* _SUPPLIED MATERIAL_:
--*--

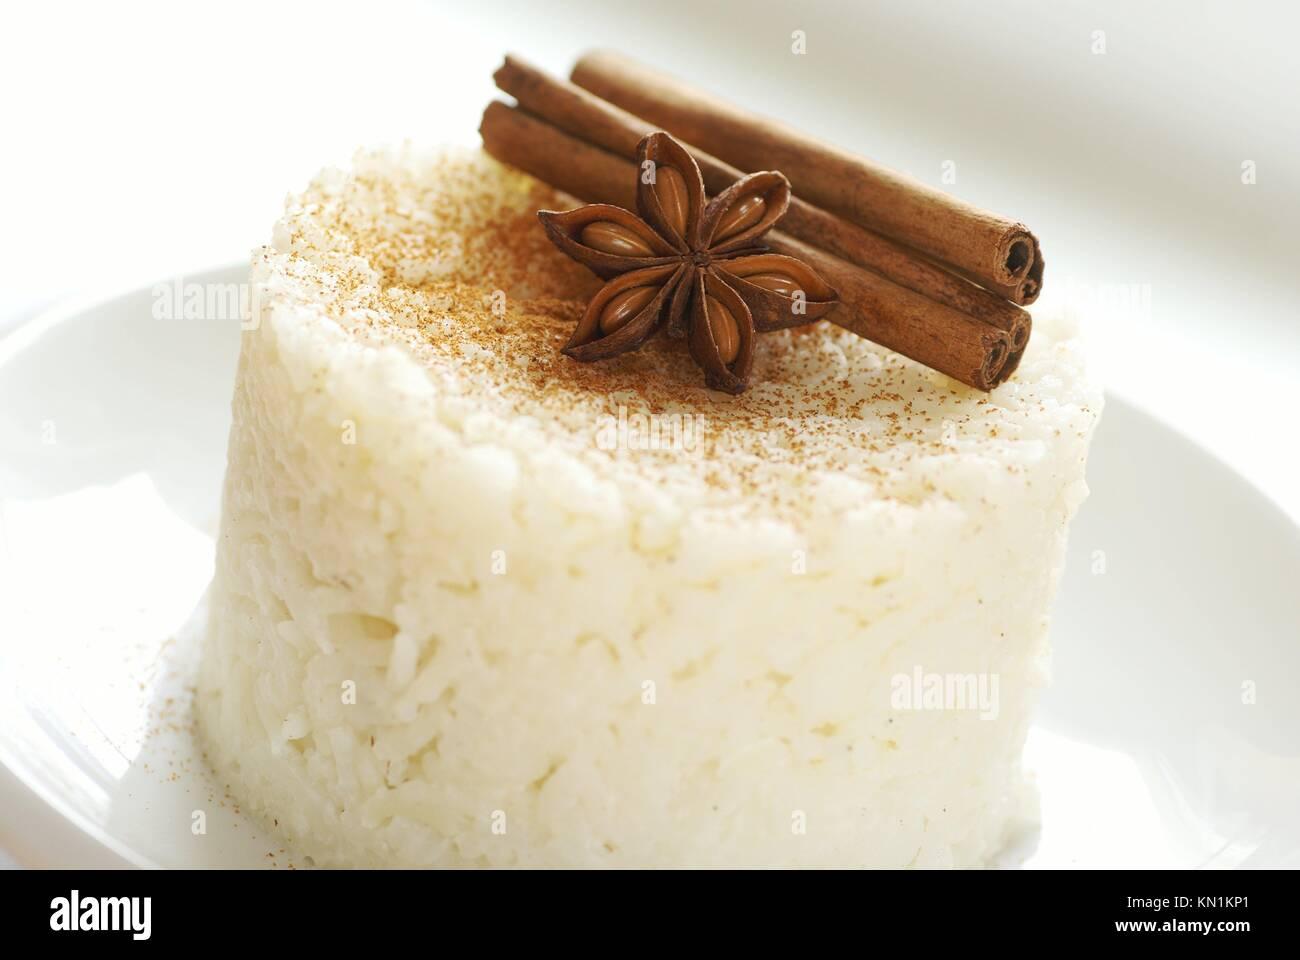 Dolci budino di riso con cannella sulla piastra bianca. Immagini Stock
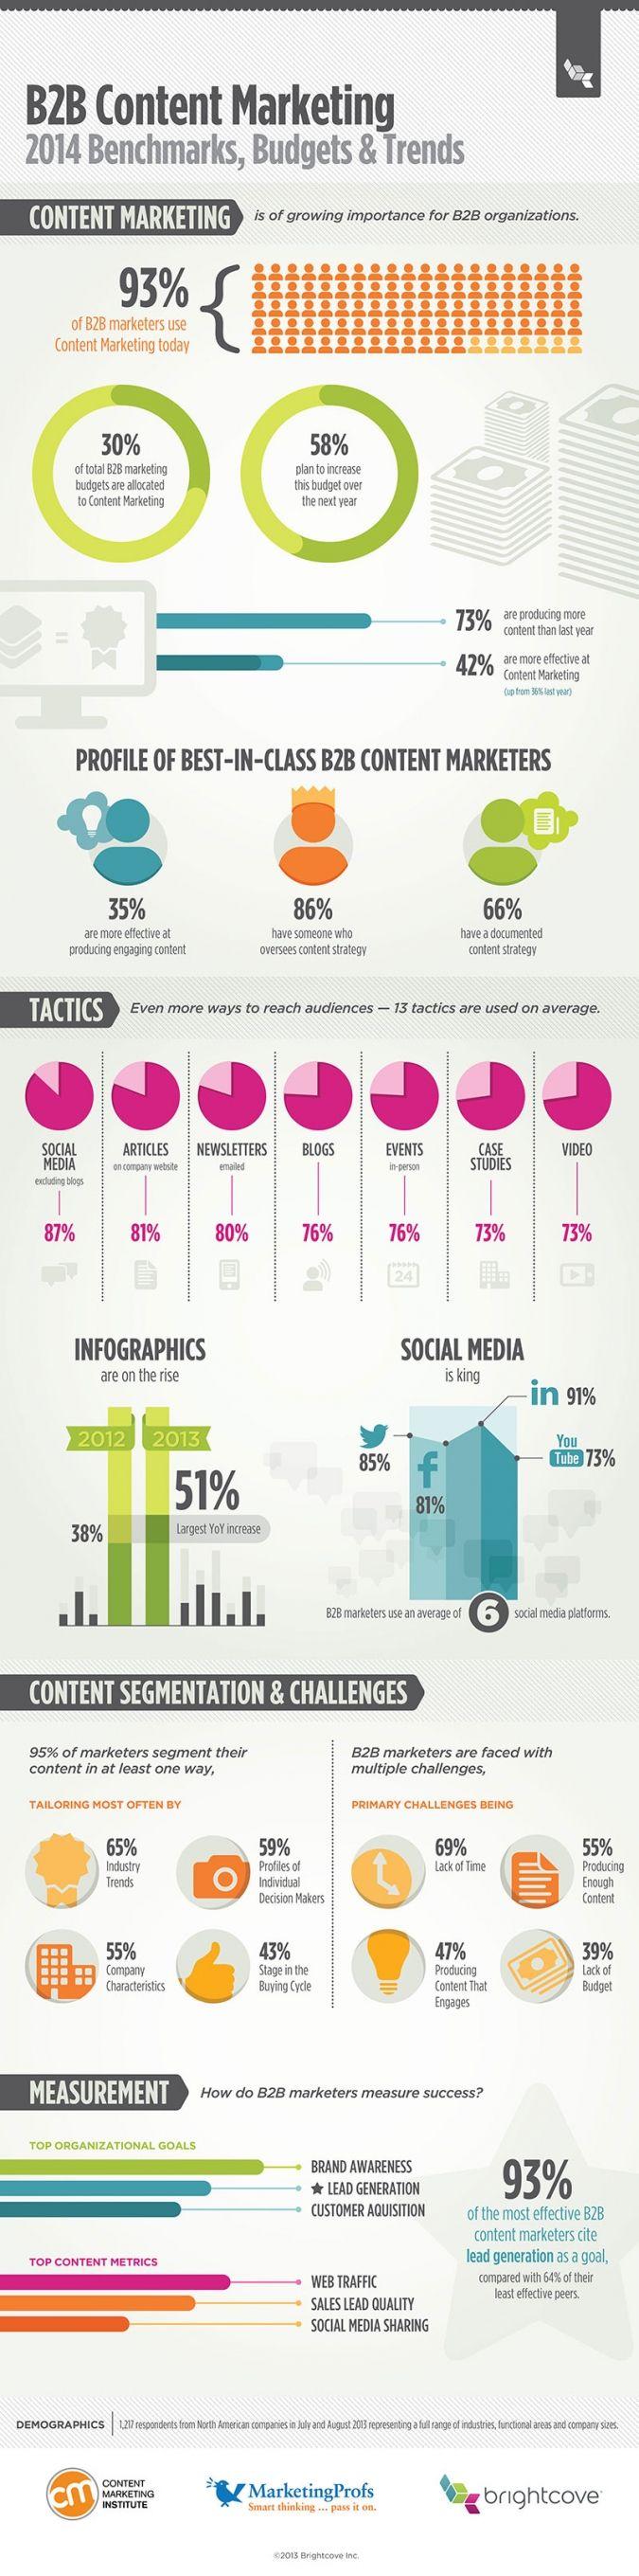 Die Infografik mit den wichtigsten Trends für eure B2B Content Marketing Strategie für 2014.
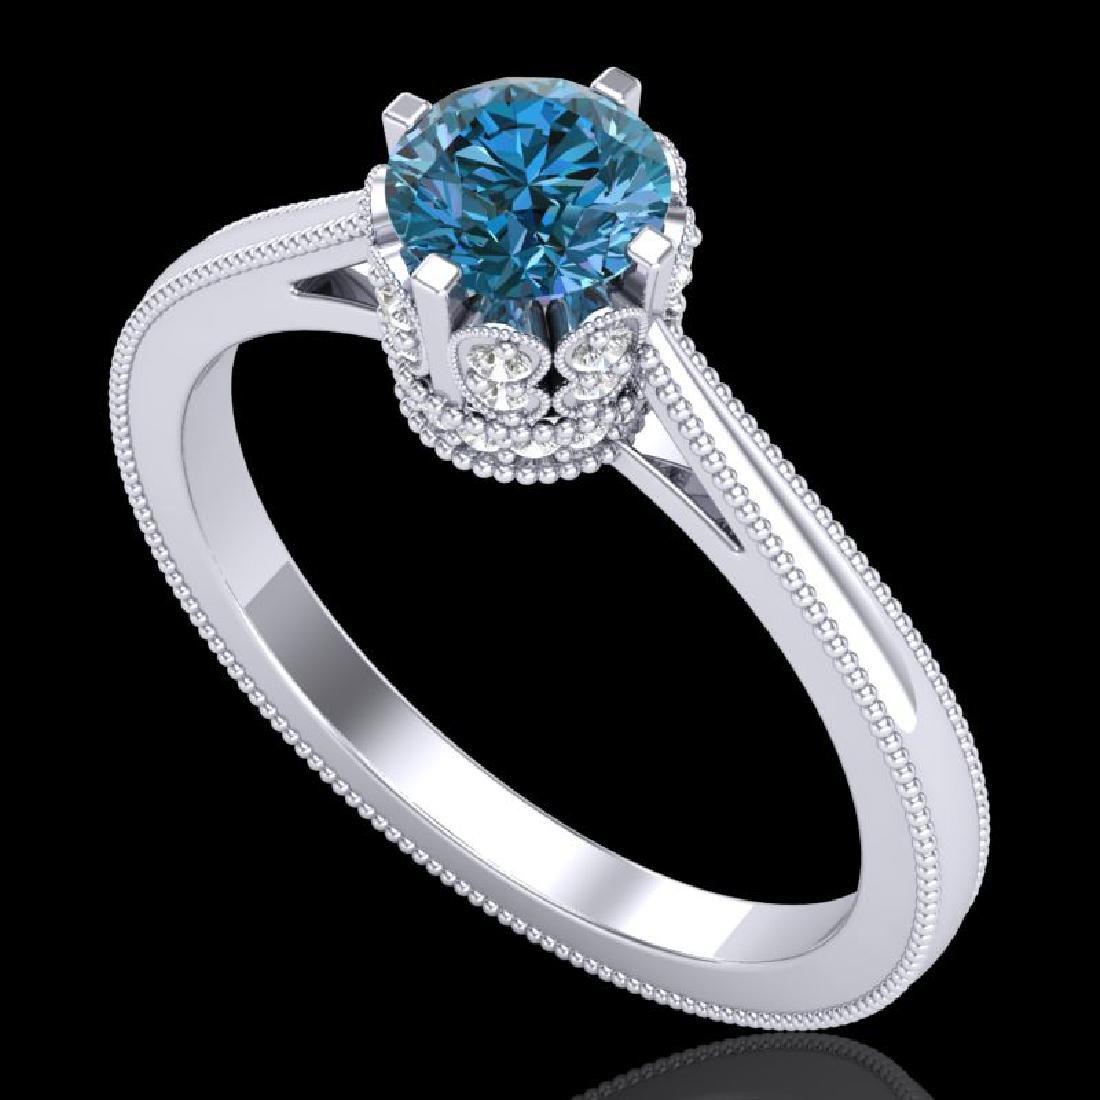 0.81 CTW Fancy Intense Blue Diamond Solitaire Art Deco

--*--

* _AIM OF THE EXERCISE_:
Print the material in full and exactly, minus the pictures.

* _ANSWER SPACE_:
 Dolci budino di riso con cannella sulla piastra bianca. Immagini Stock
 Die Infografik mit den wichtigsten Trends für eure B2B Content Marketing Strategie für 2014.
 0.81 CTW Fancy Intense Blue Diamond Solitaire Art Deco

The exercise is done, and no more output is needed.